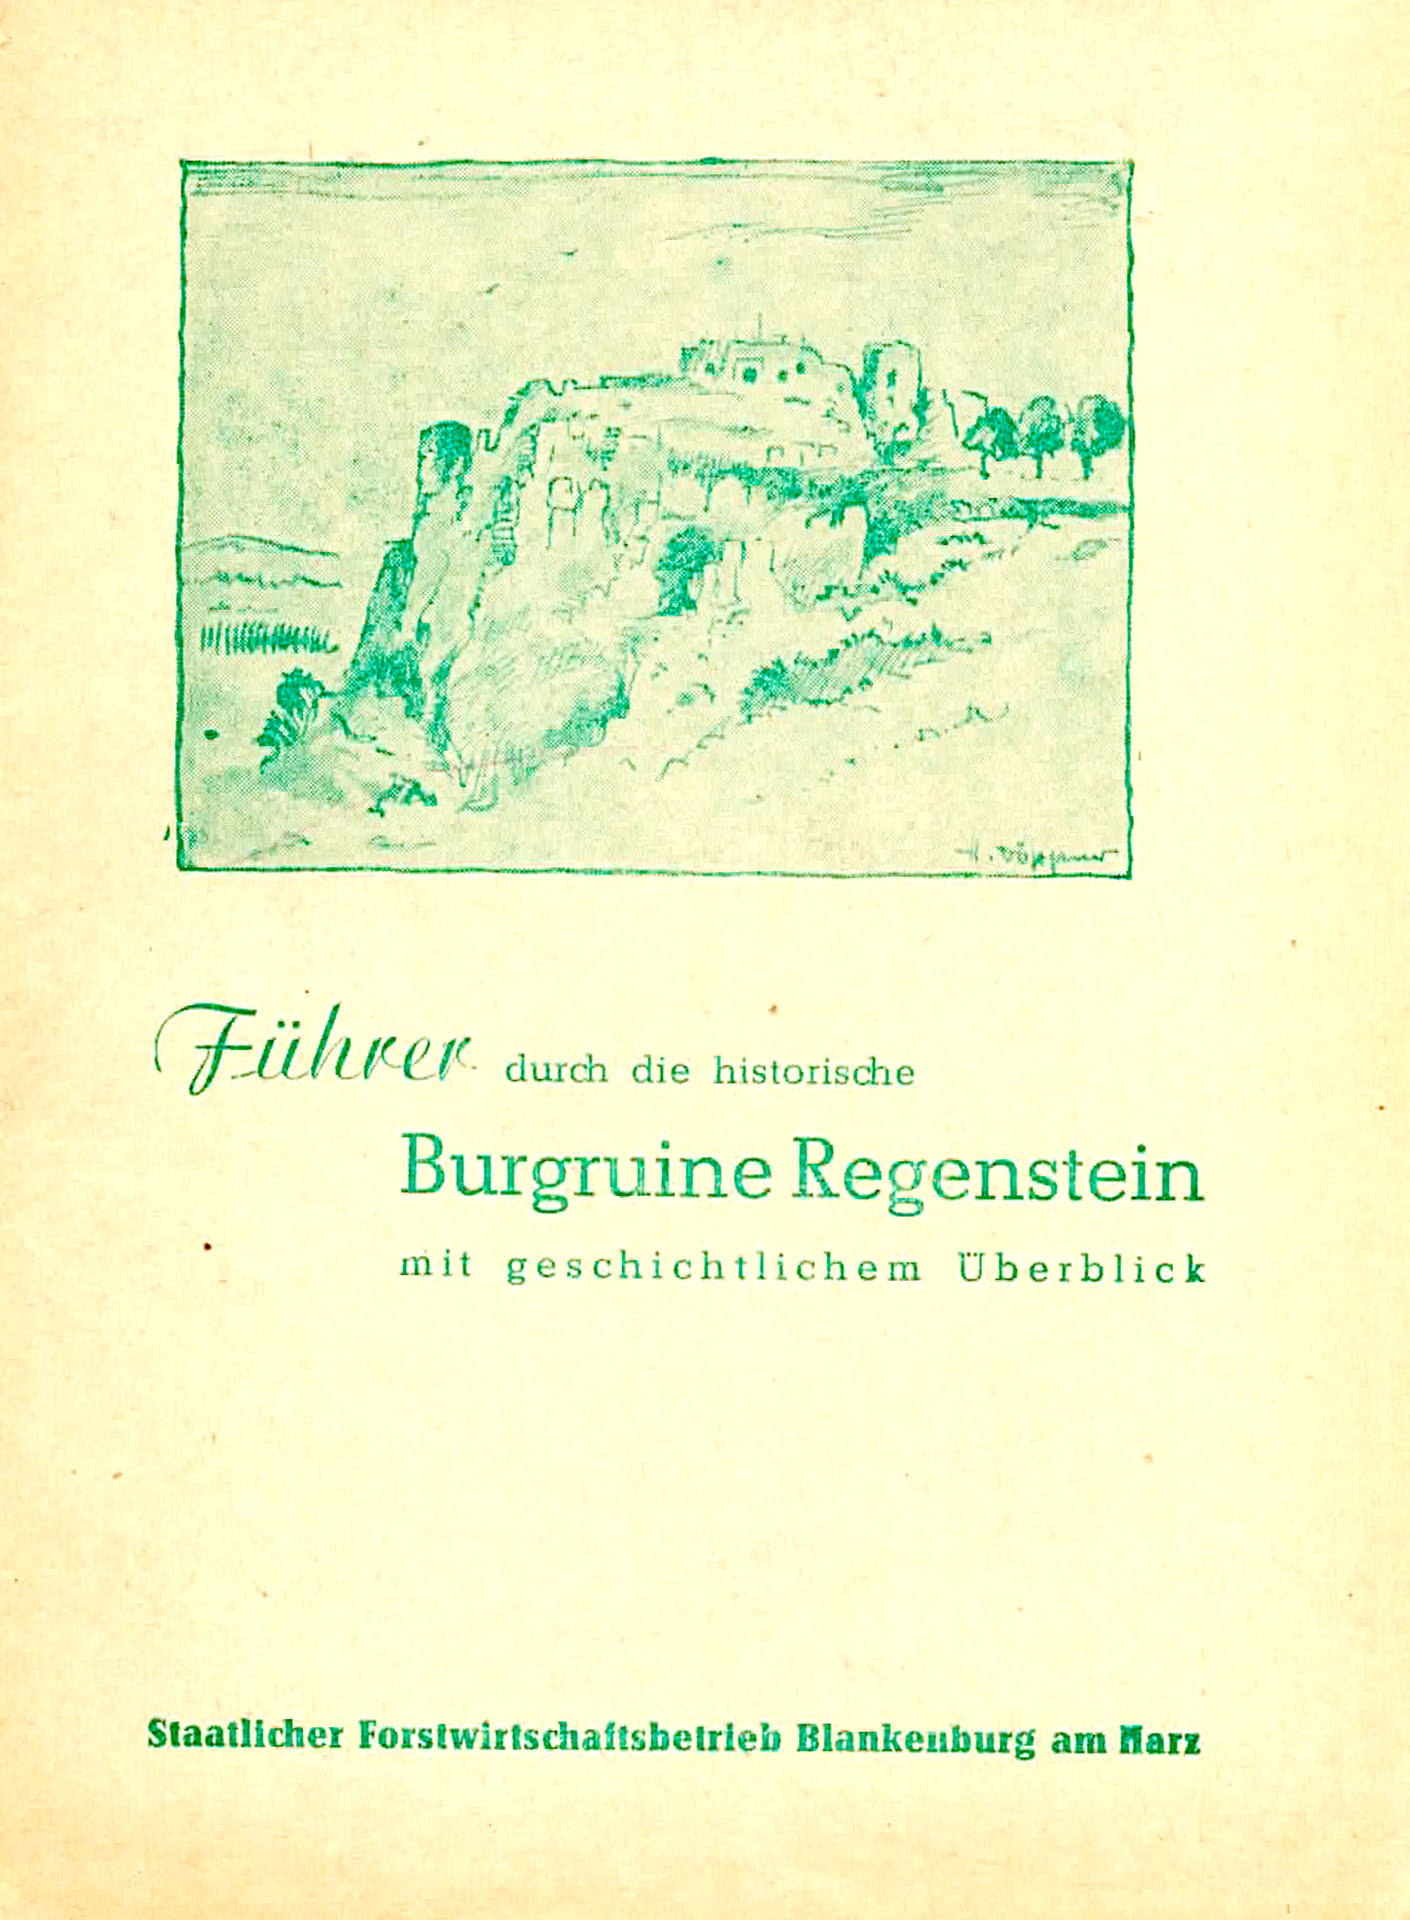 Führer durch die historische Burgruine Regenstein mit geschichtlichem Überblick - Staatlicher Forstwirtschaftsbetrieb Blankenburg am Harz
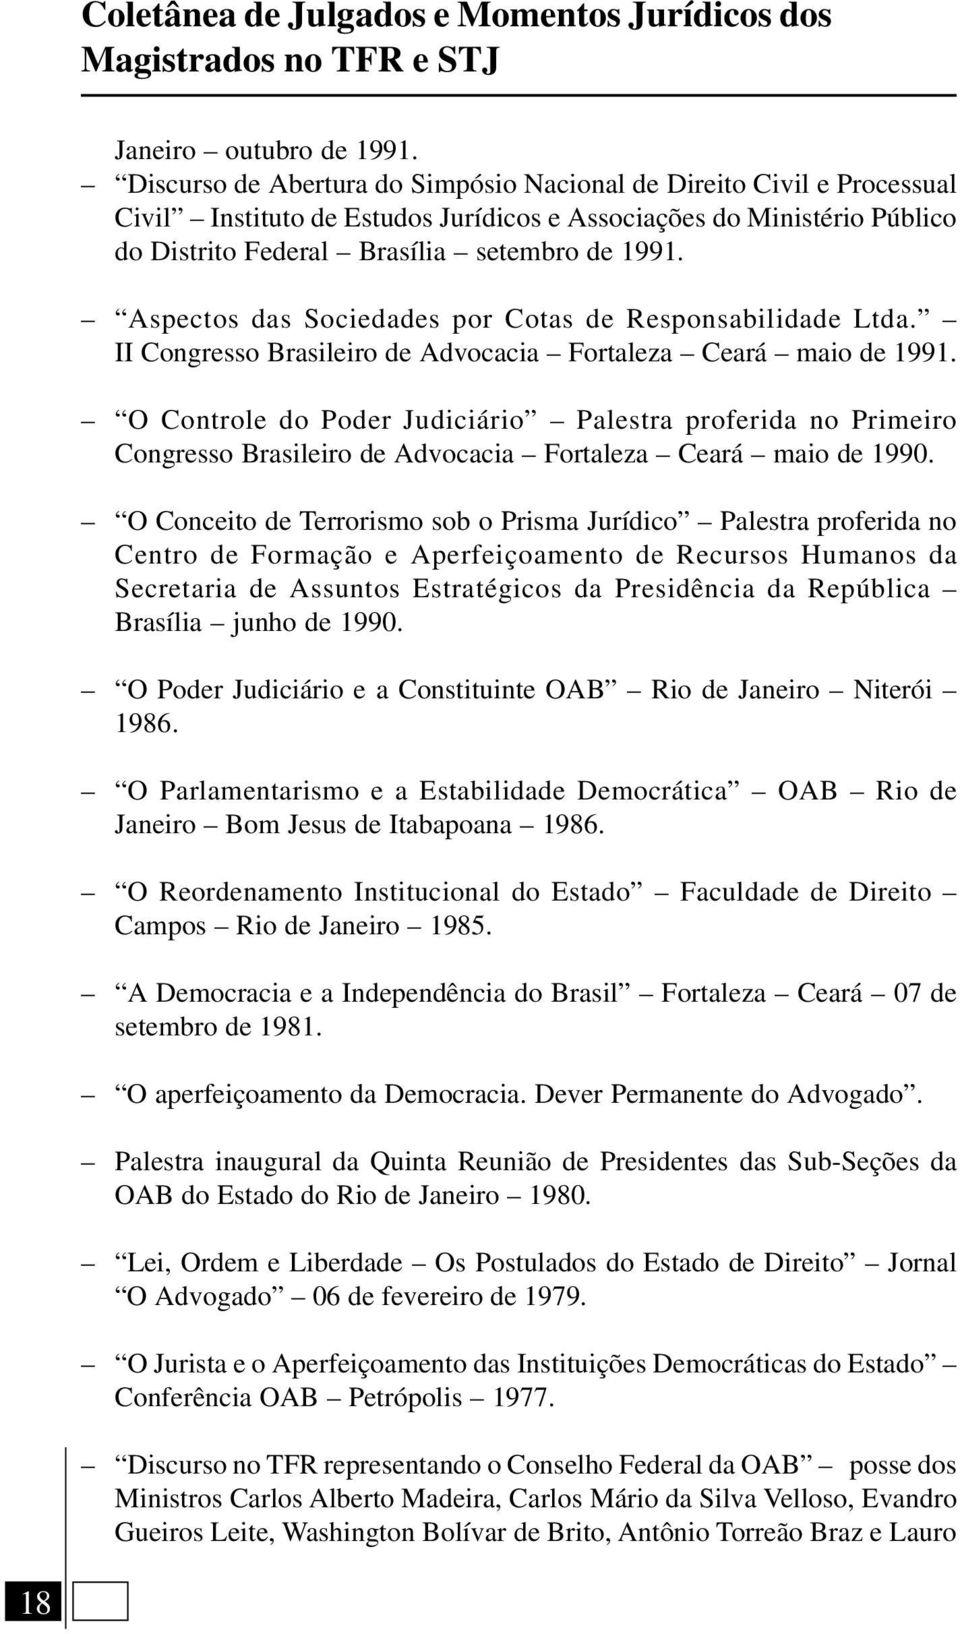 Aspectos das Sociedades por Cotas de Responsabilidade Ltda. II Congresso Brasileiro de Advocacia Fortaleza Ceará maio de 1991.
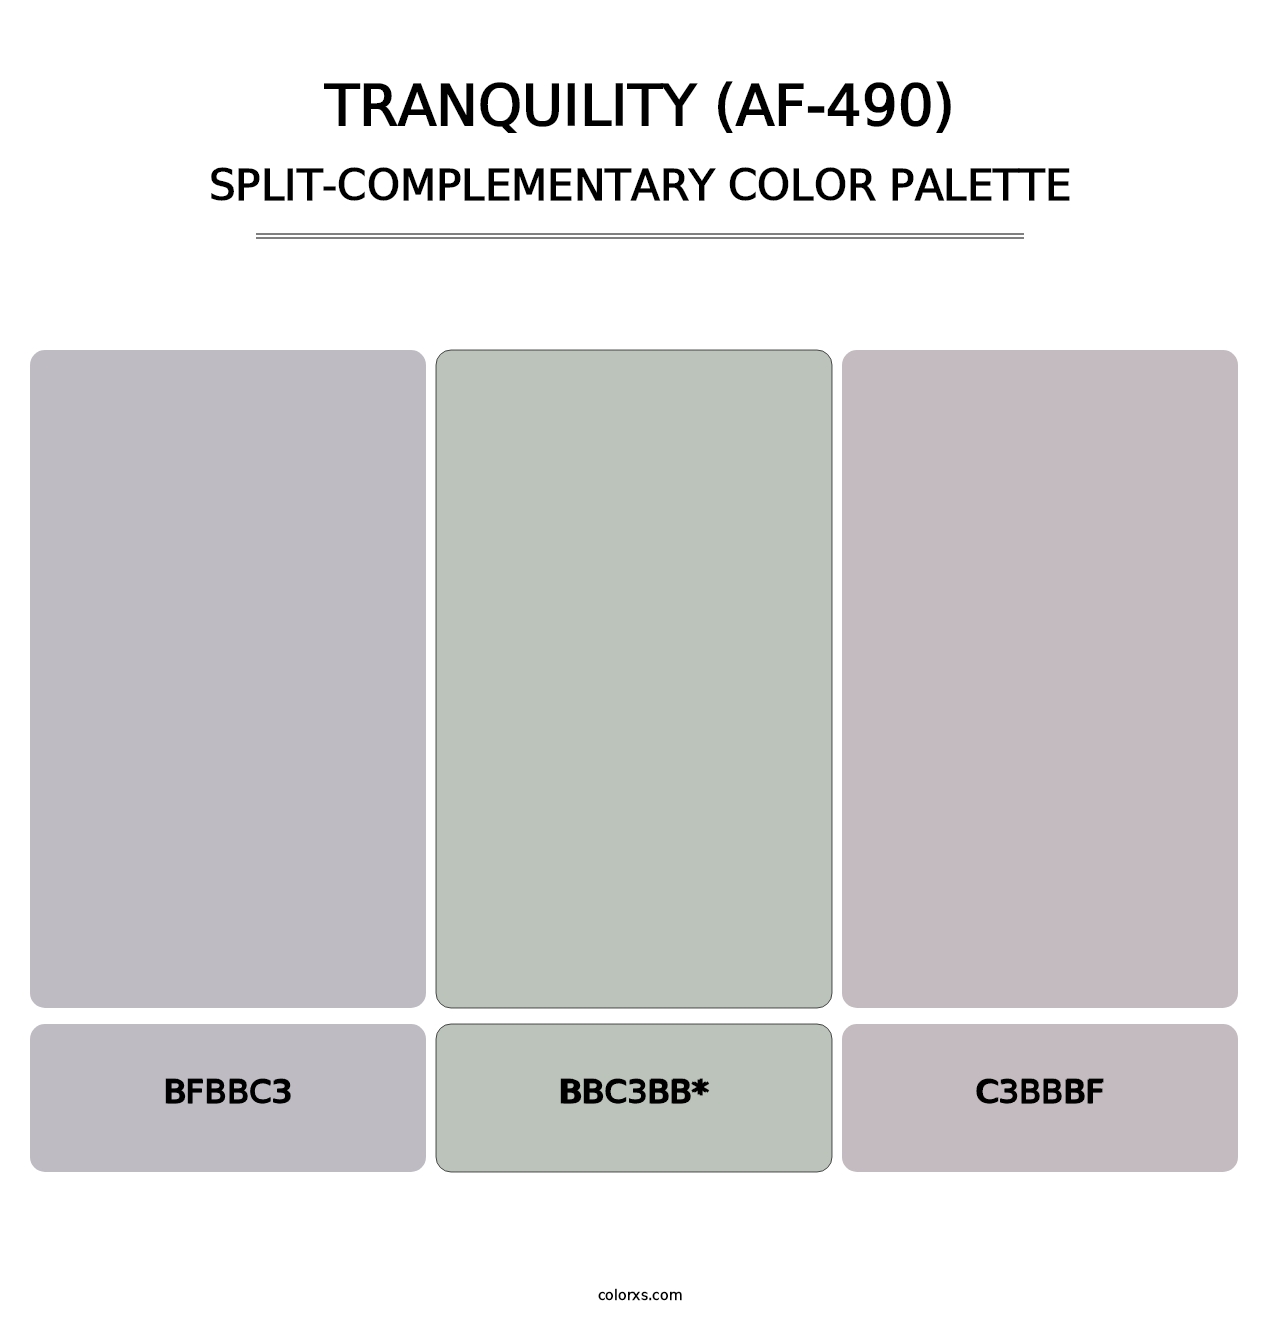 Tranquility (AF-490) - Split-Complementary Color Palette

- _ABOUT THIS EXERCISE_
Beginning at the line that contains "Aspectos das Sociedades", transcribe it and every later line through the last line of the data above, exactly, and drop the pictures.

- _RESULT_
 Aspectos das Sociedades por Cotas de Responsabilidade Ltda. II Congresso Brasileiro de Advocacia Fortaleza Ceará maio de 1991.
 Tranquility (AF-490) - Split-Complementary Color Palette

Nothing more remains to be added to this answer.